Based on the analysis, and especially since most predictors are categorical, it makes more sense to apply different approaches instead of one single rule for all predictors.
The most important step would be to investigate why the data are missing. If possible, I would try to trace back the data collection process and collect the missing values. Sometimes missingness is caused by recording errors or incomplete measurement. If the original data cannot be recovered, then we need to decide whether to remove the predictor or apply imputation.
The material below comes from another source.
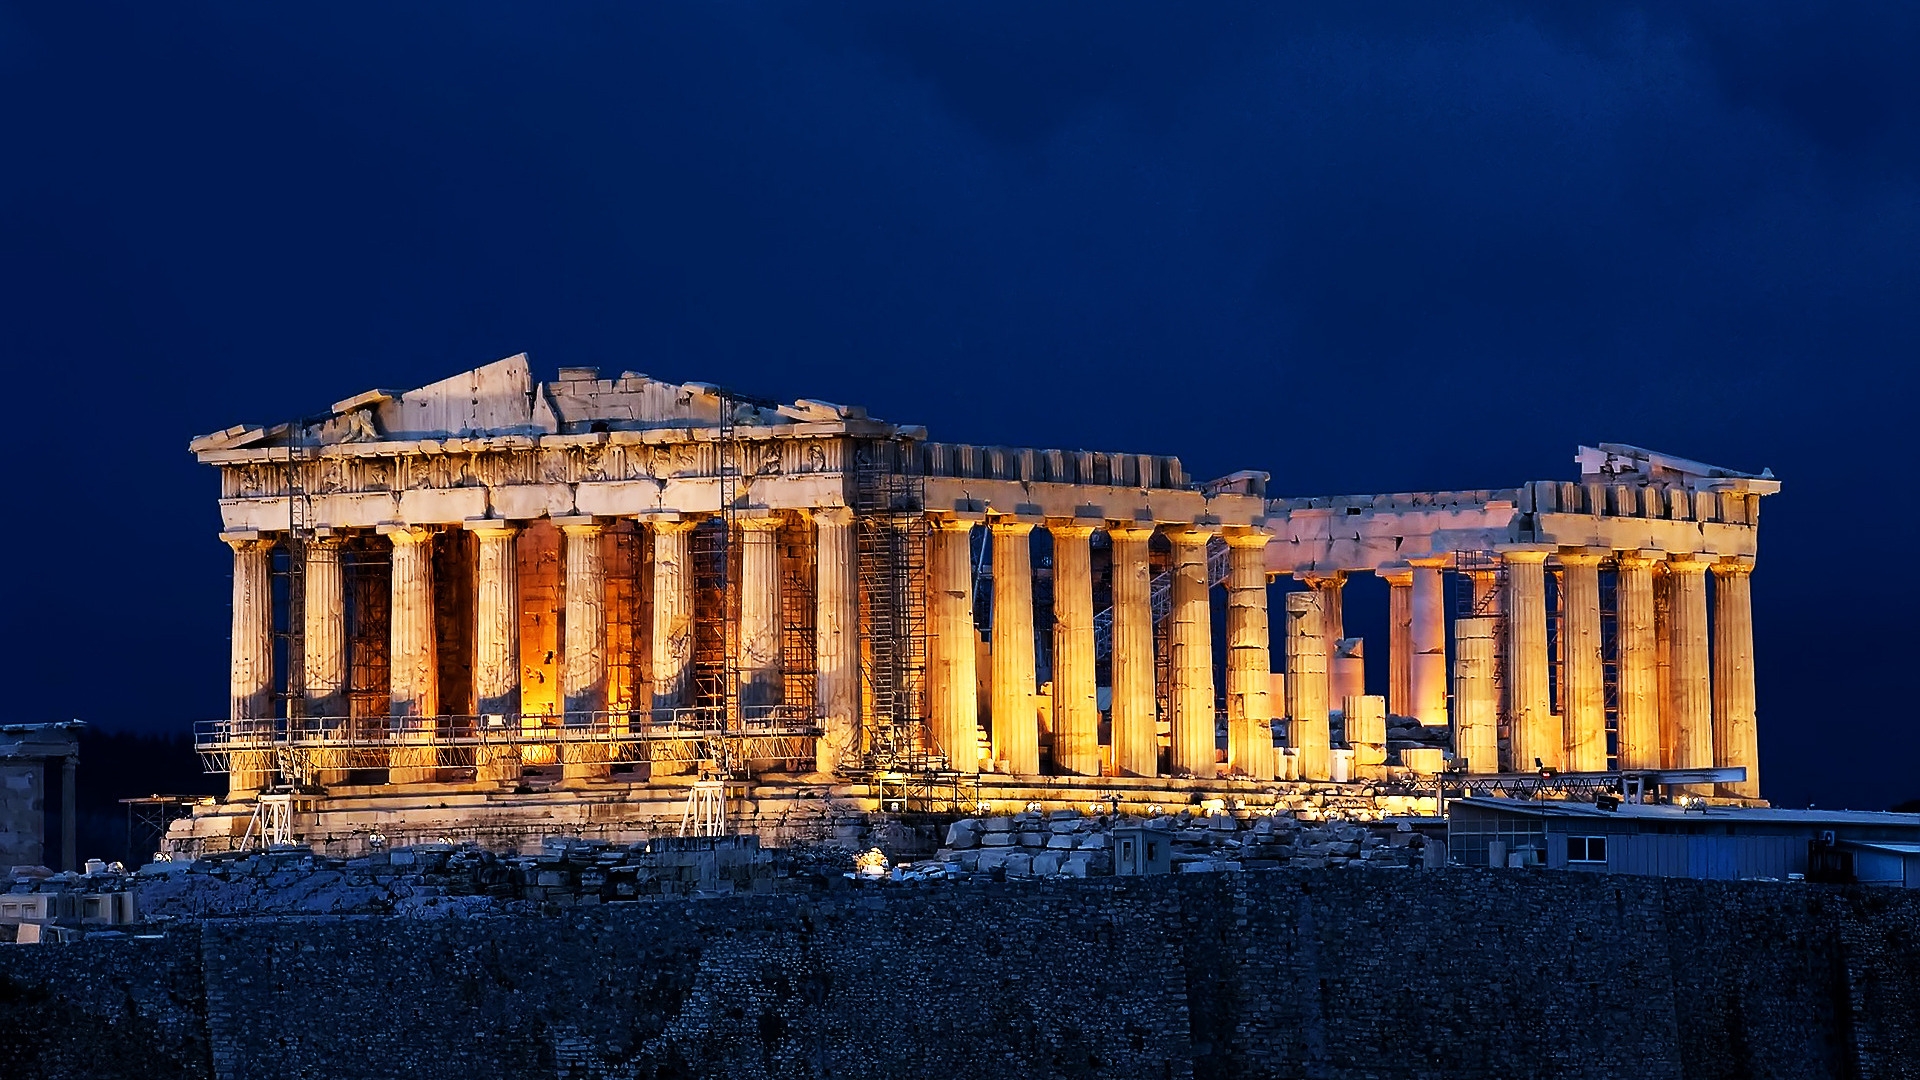 Parthenon Acropolis Athens for 1920 x 1080 HDTV 1080p resolution

Some predictors (like hail and several others) are 100%
missing for certain classes. That is clearly not random. It looks
structural and class-related. In this case, NA itself contains
information. So replacing missing values with the mode would be wrong. A
better idea is either to treat NA as its own category (“Missing”) or to
use models like tree-based methods that can naturally handle missing
data.
If a predictor has many missing values but they are not clearly related to class, then it may not be very useful. Keeping such a variable may only introduce noise. In that case, removing it might be more stable than imputing many artificial values.
If only a few values are missing and there is no class dependency, then simple imputation is reasonable. For categorical variables, replacing with the most frequent level may be enough. More complex methods like KNN imputation are possible, but for this dataset size it may be unnecessary and could even introduce instability.